Given information |
________________
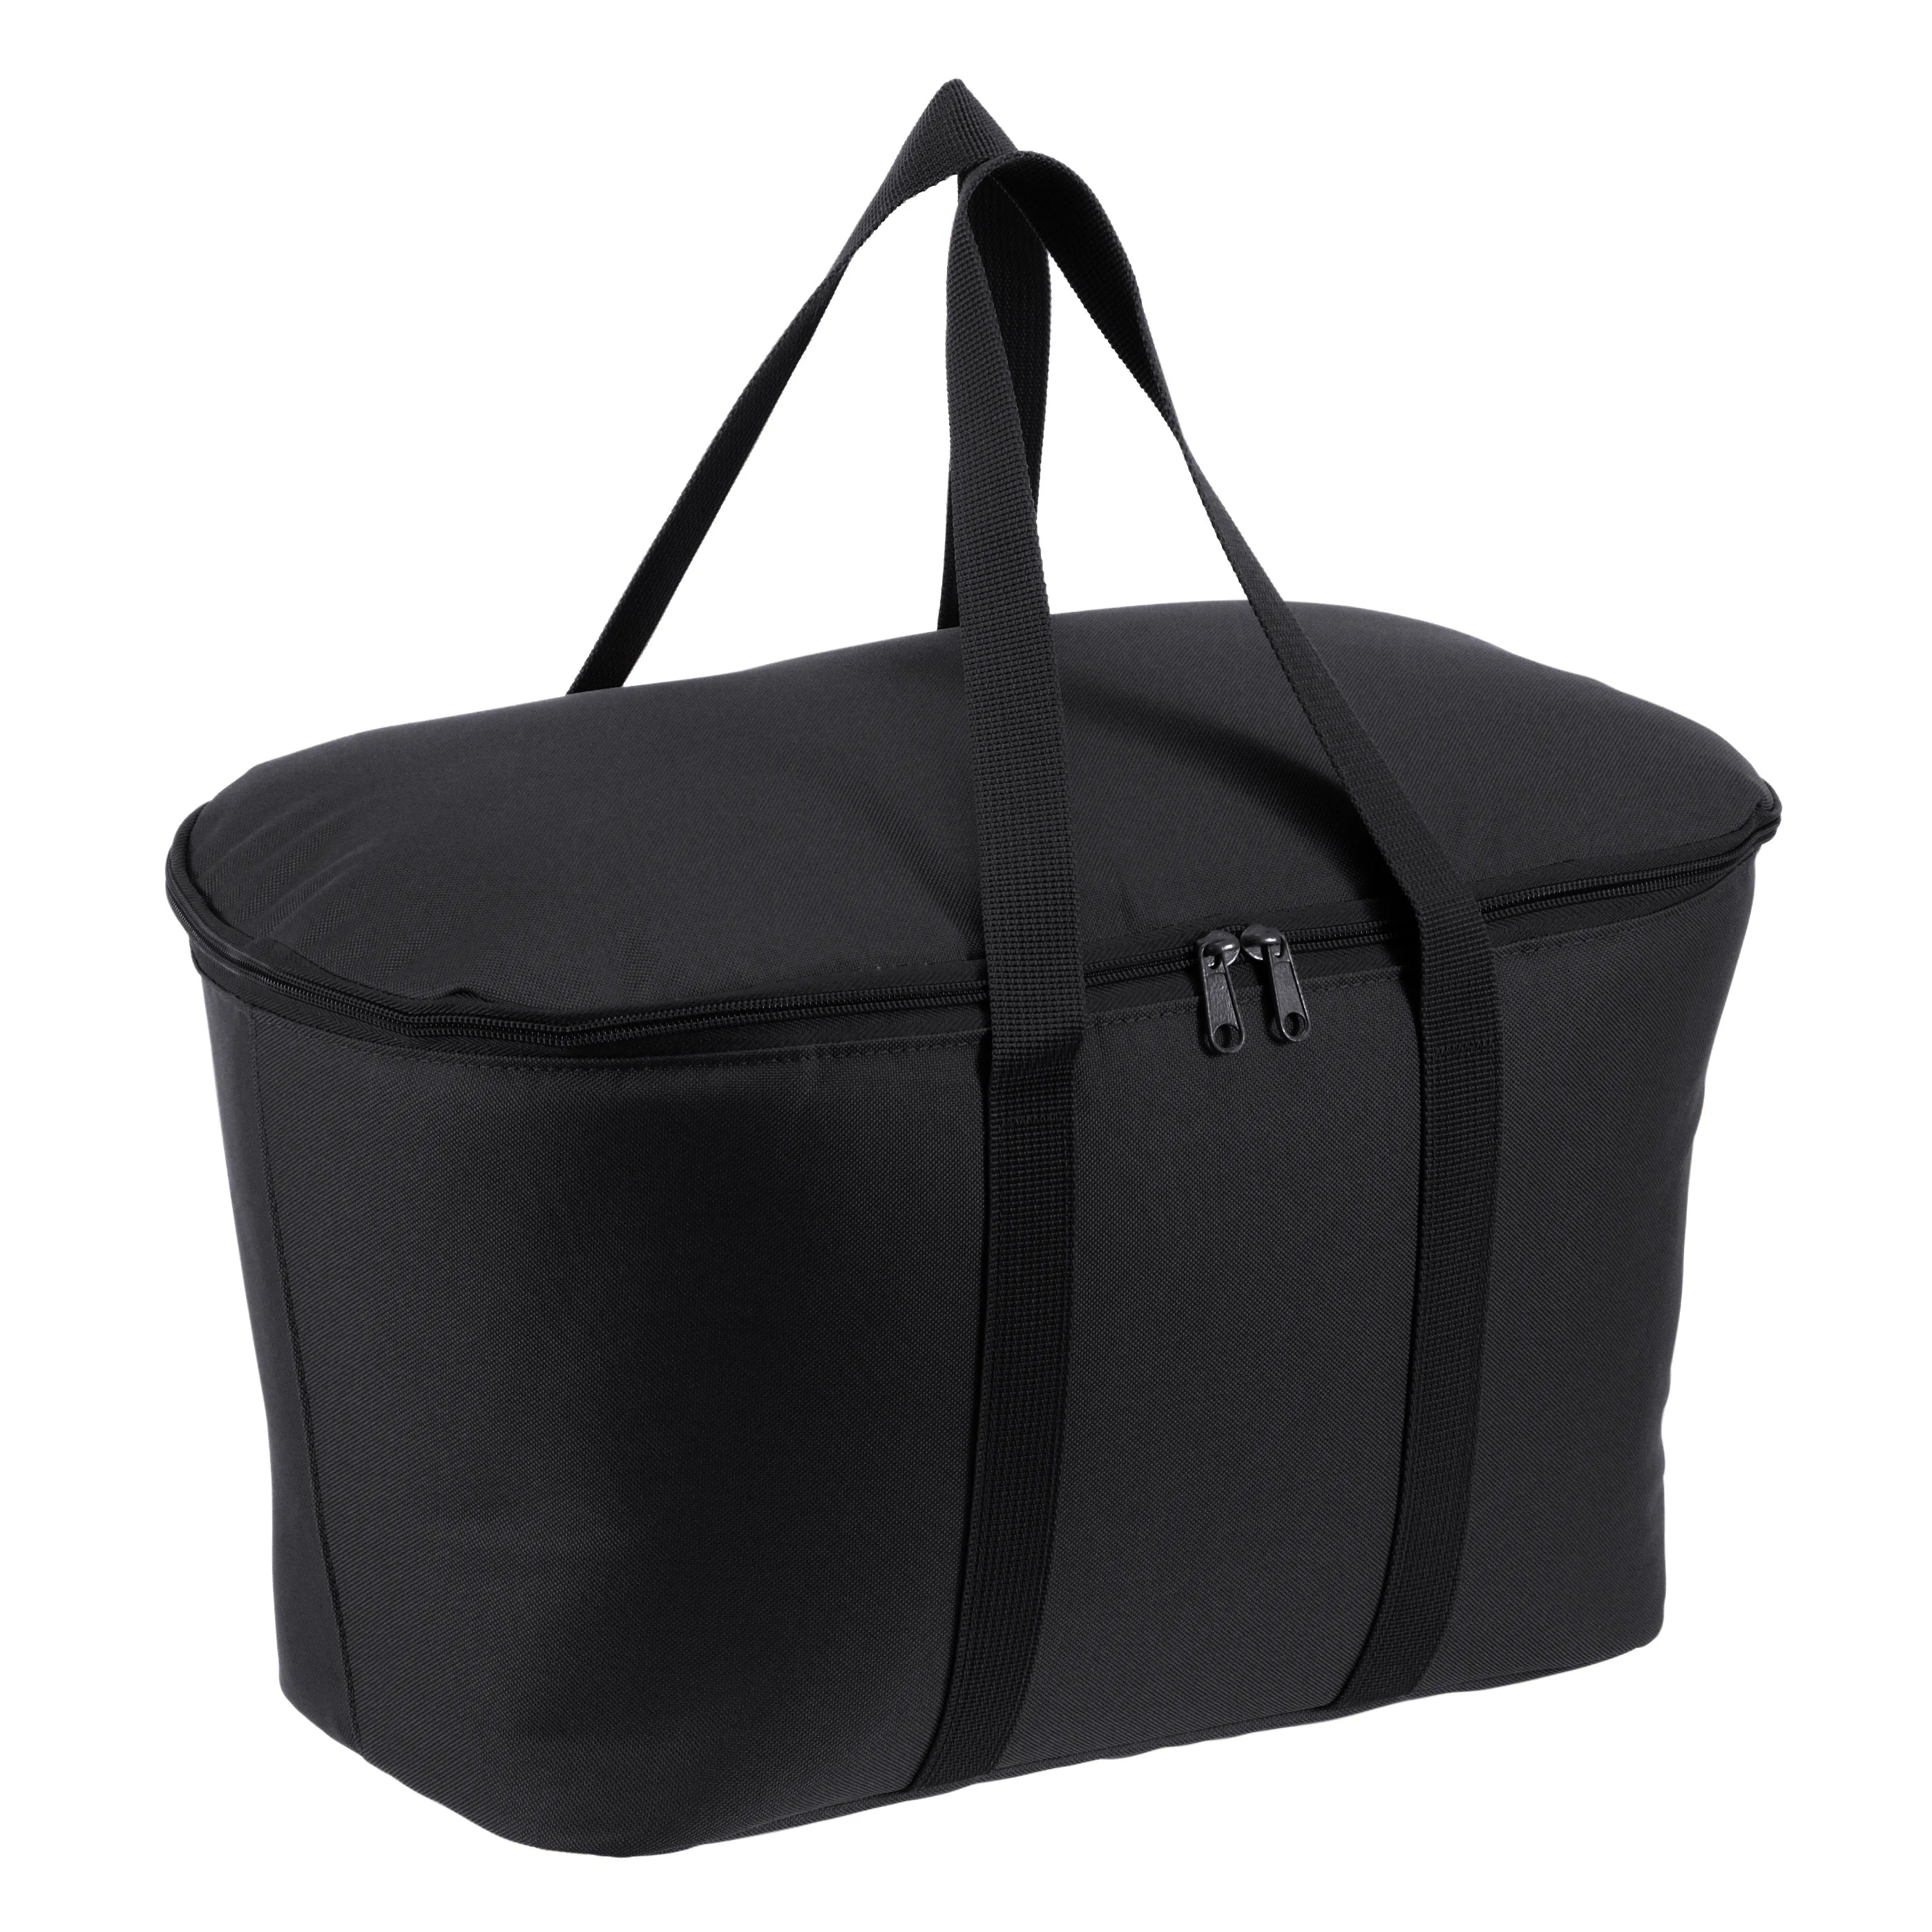 Reisenthel Shopping Coolerbag Kühltasche 44 cm - black
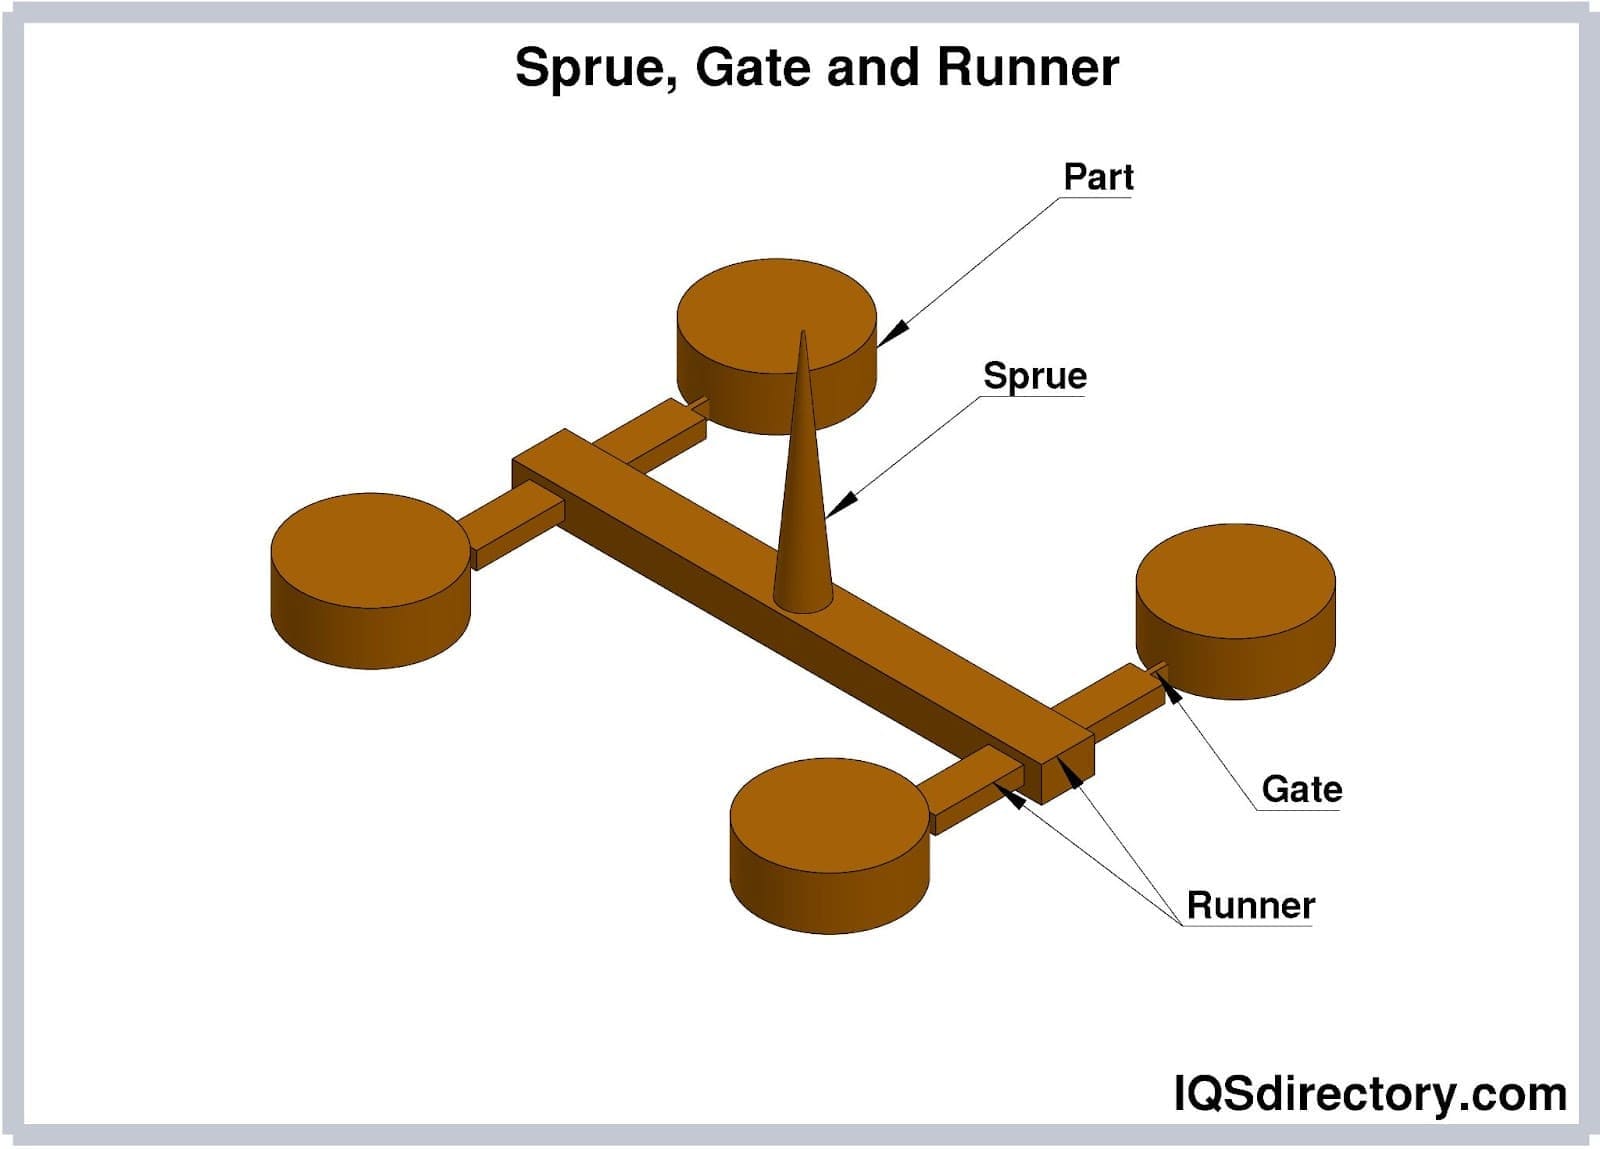 Sprue, Gate, and Runner
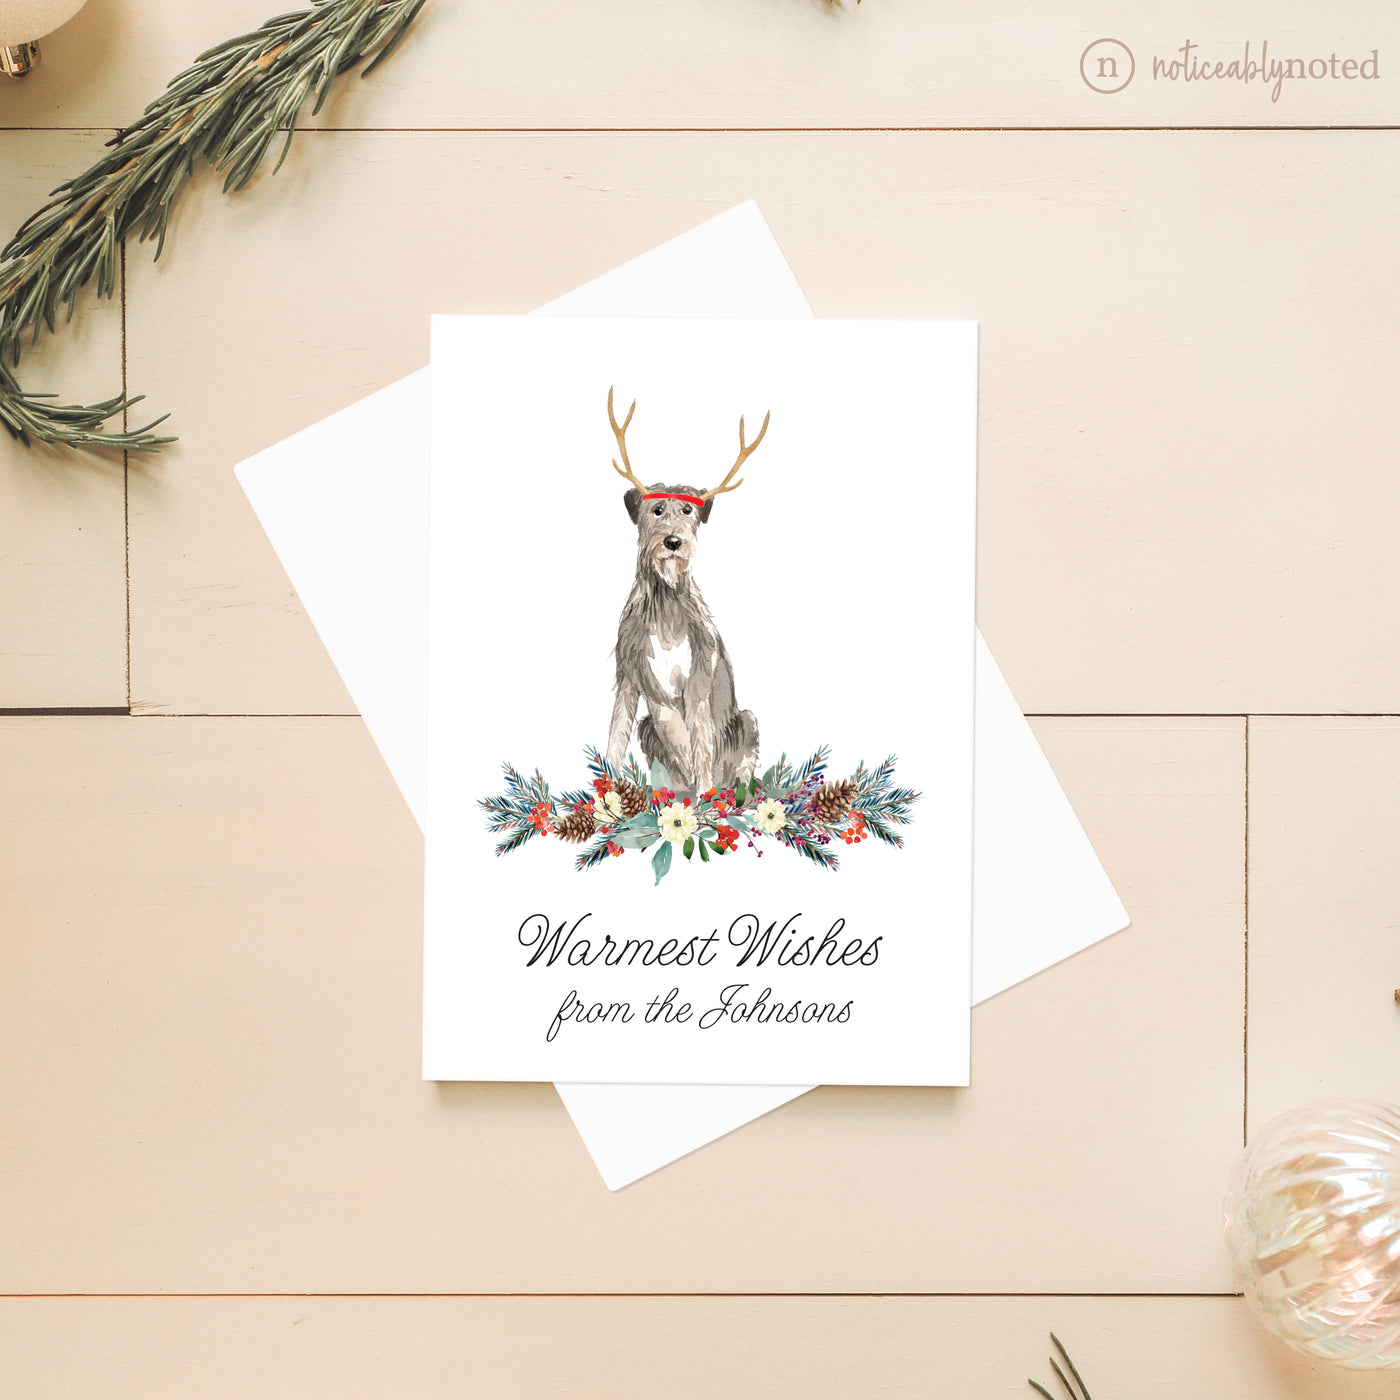 Irish Wolfhound Dog Christmas Cards | Noticeably Noted
________________
What is expected |
Return the lines above exactly; the images are not part of the copy.

Your response |
 Reisenthel Shopping Coolerbag Kühltasche 44 cm - black
 Sprue, Gate, and Runner
 Irish Wolfhound Dog Christmas Cards | Noticeably Noted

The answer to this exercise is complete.